The Republican tax bill passes Congress — here's how your tax bracket could change in 2018

  • Income tax brackets will change in 2018 if President Donald Trump enacts the GOP tax legislation.
  • The Republican tax plan proposes keeping seven tax brackets, but it changes the income ranges.
  • The final bill proposes eliminating the personal exemption and increasing the standard deduction.

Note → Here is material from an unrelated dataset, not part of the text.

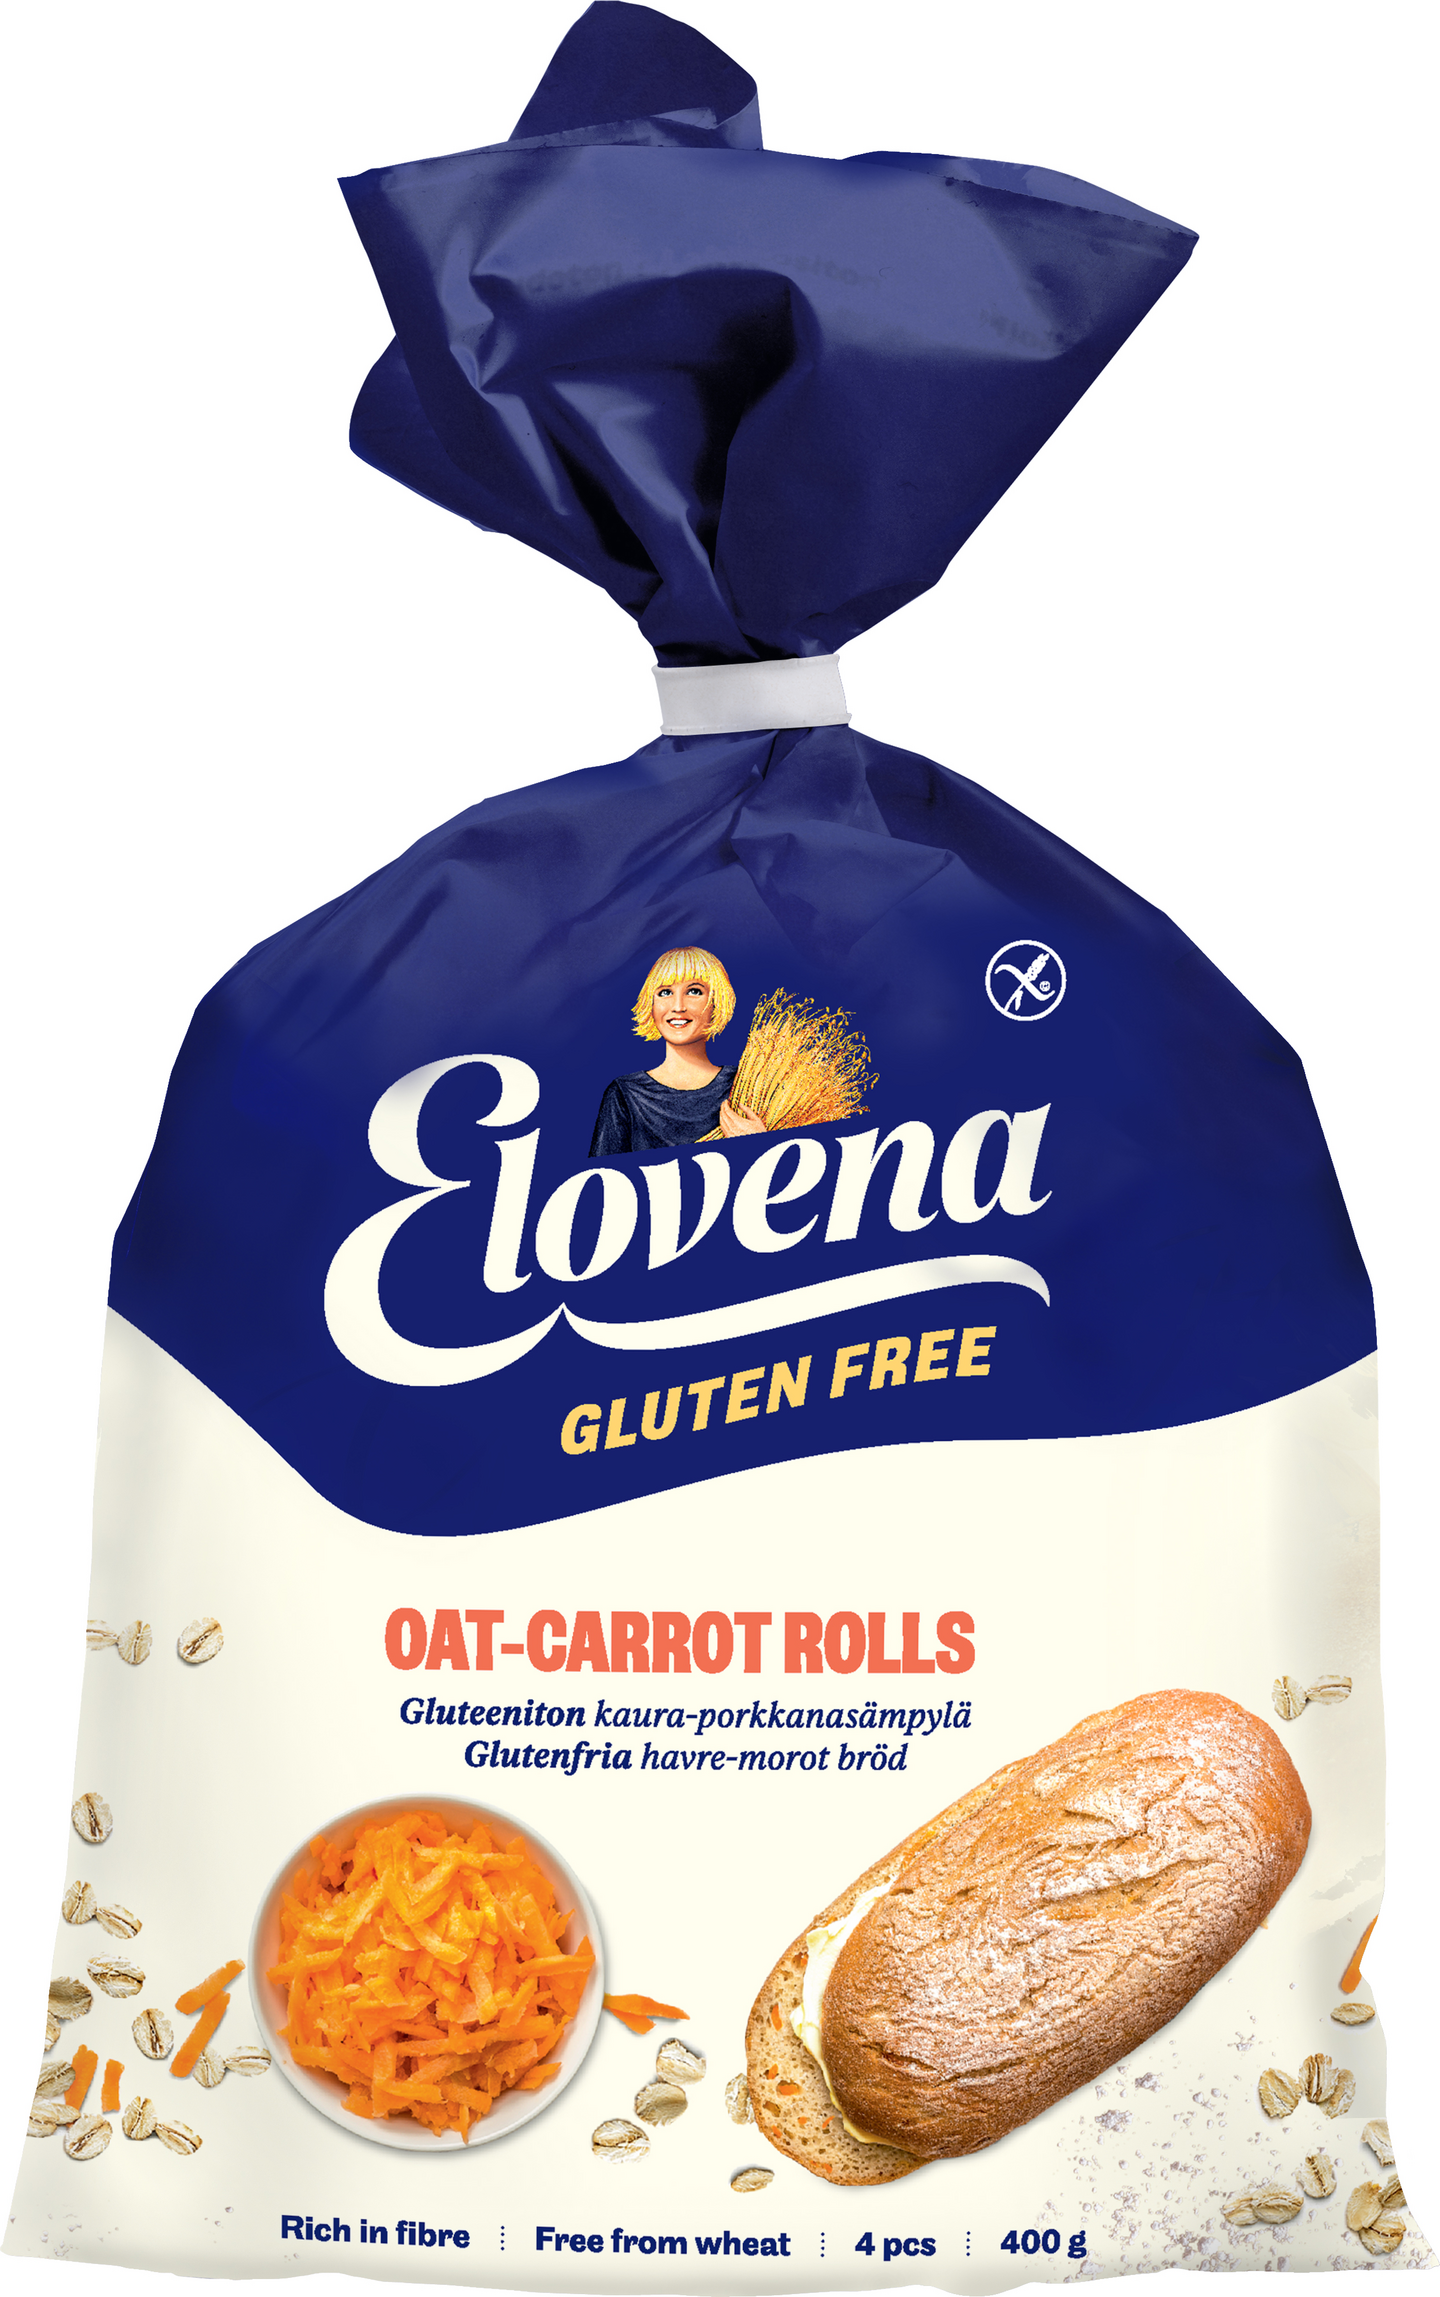 Elovena-Provena gluteenittomat kaura-porkkanasämpylät 400 g pakaste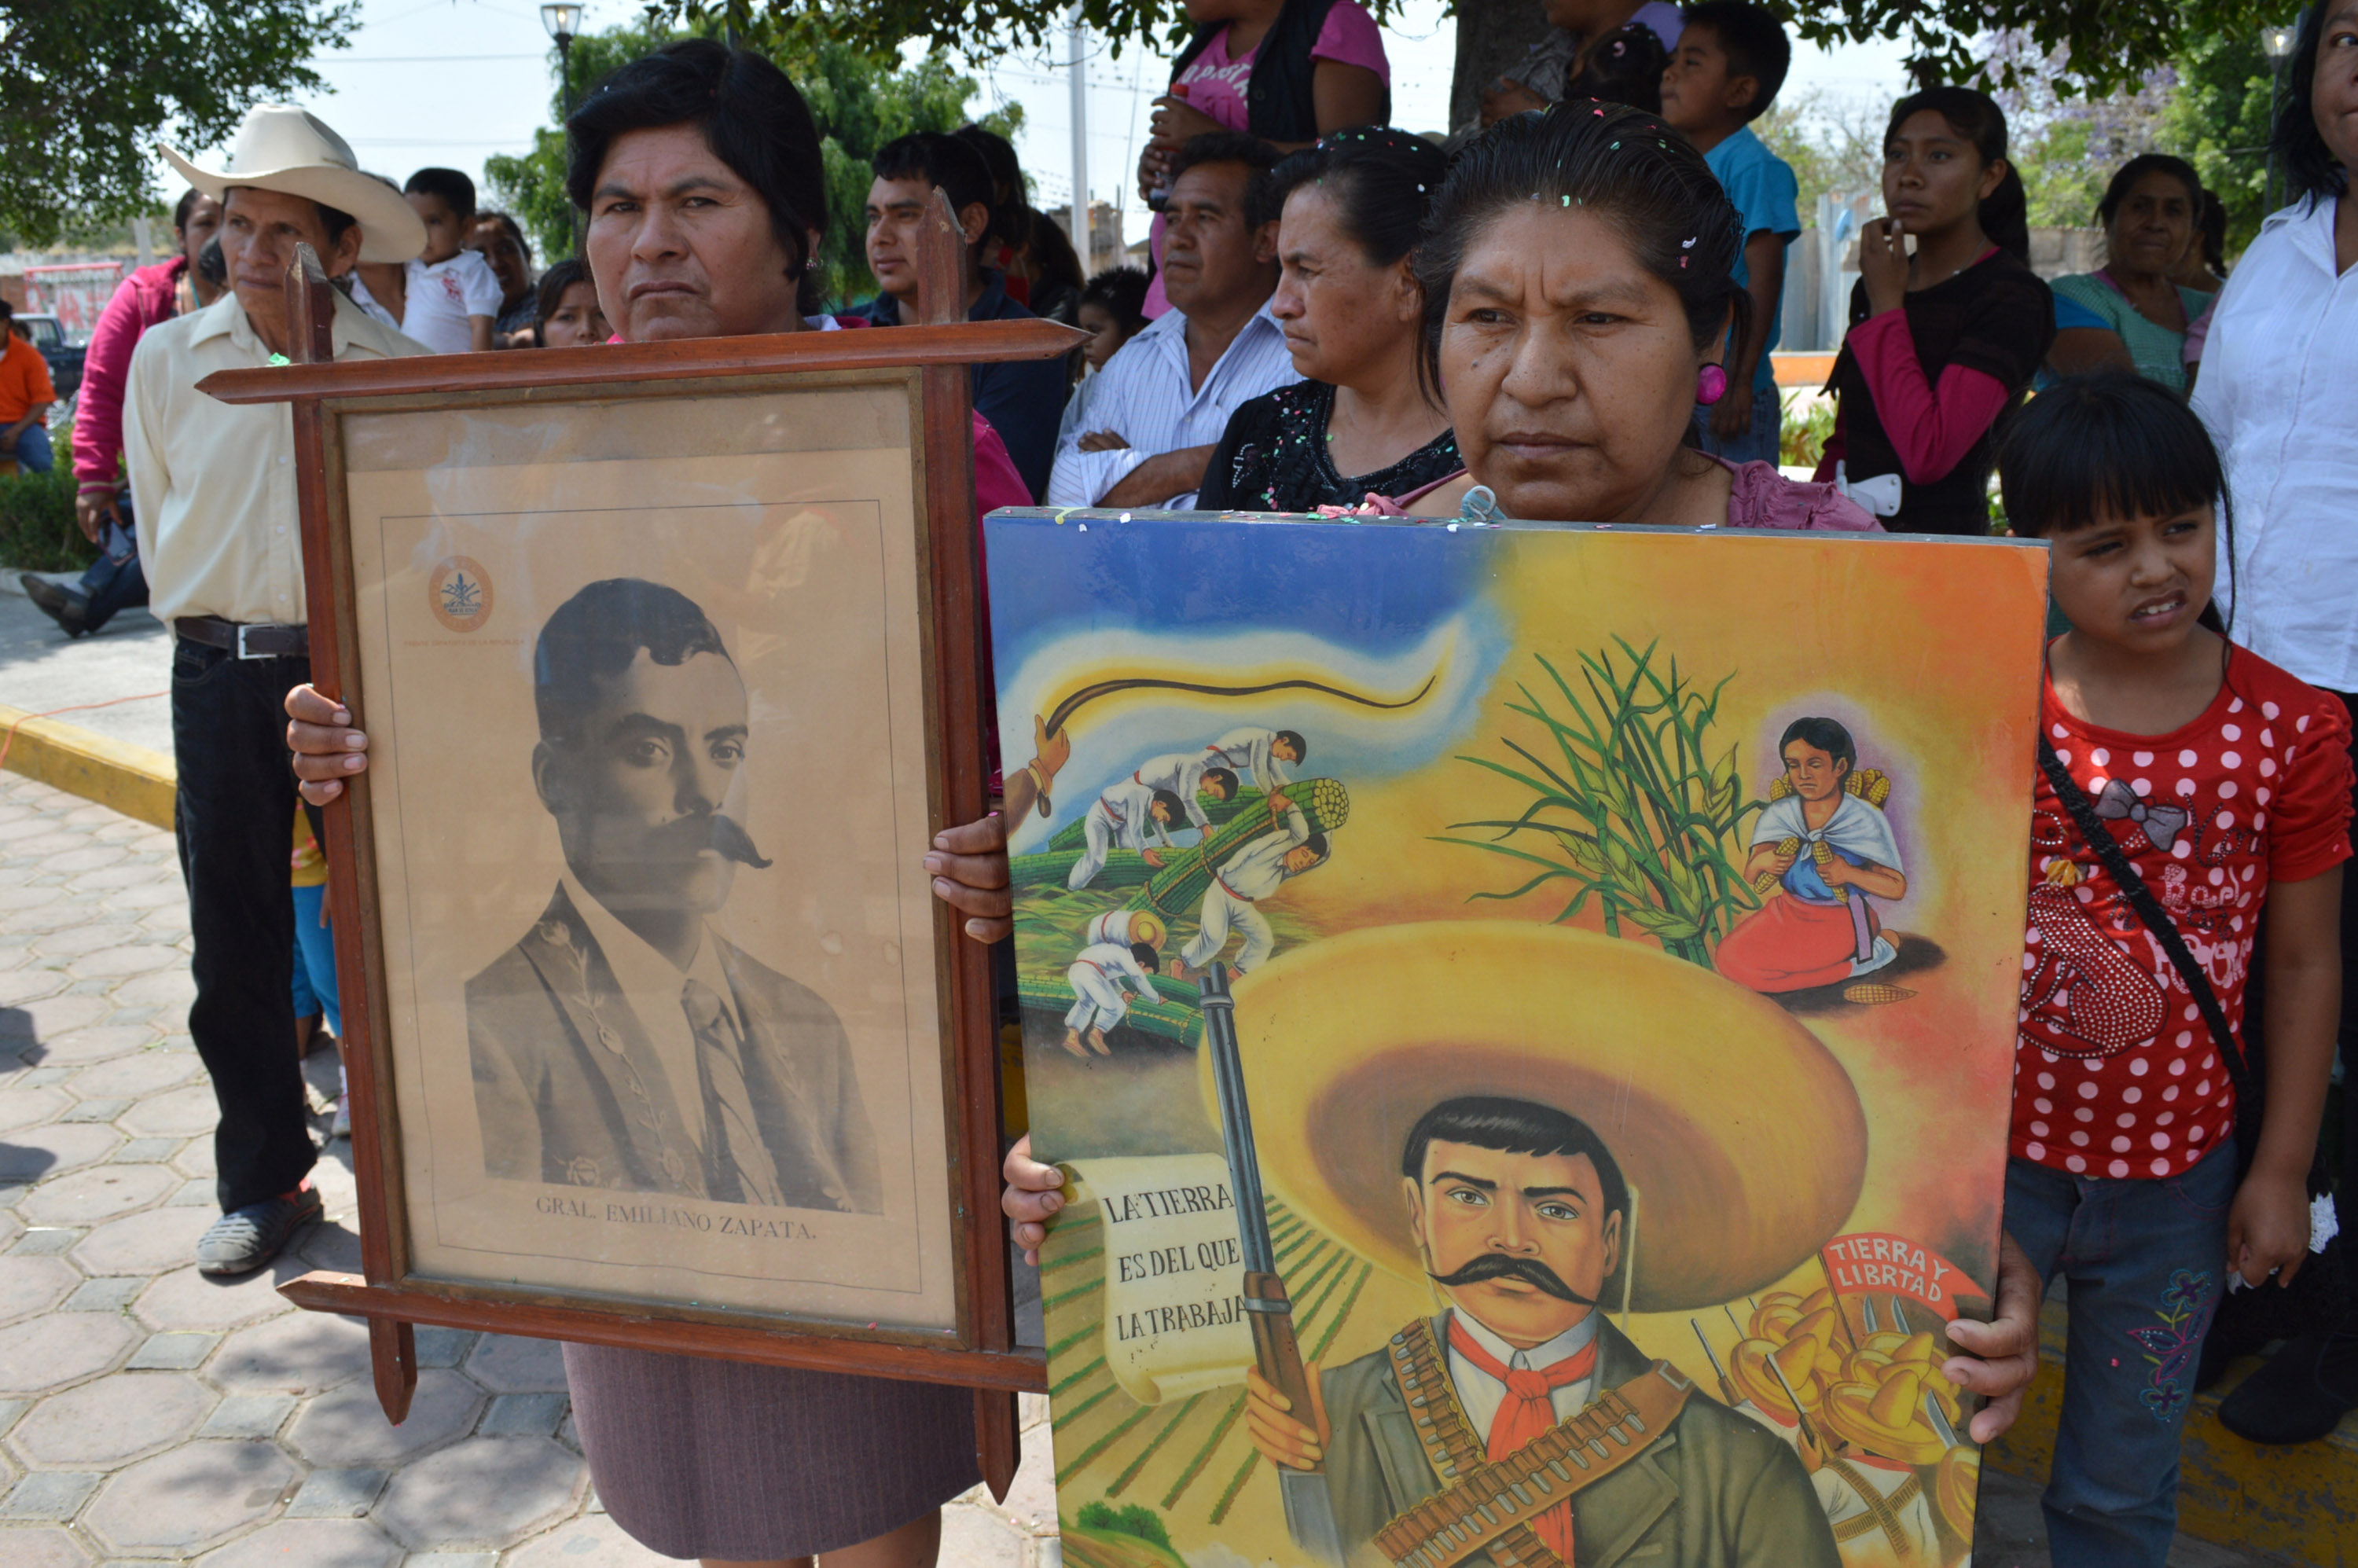 México necesita revolución sin armas: bisnieto de Zapata

Senate Republicans passed their tax bill just after midnight on Wednesday, leaving a technical vote in House as the last remaining obstacle before the bill can be sent to President Donald Trump's desk.

The bill, the Tax Cuts and Jobs Act, is set to make sweeping changes to the tax code for businesses and, on average, American taxpayers.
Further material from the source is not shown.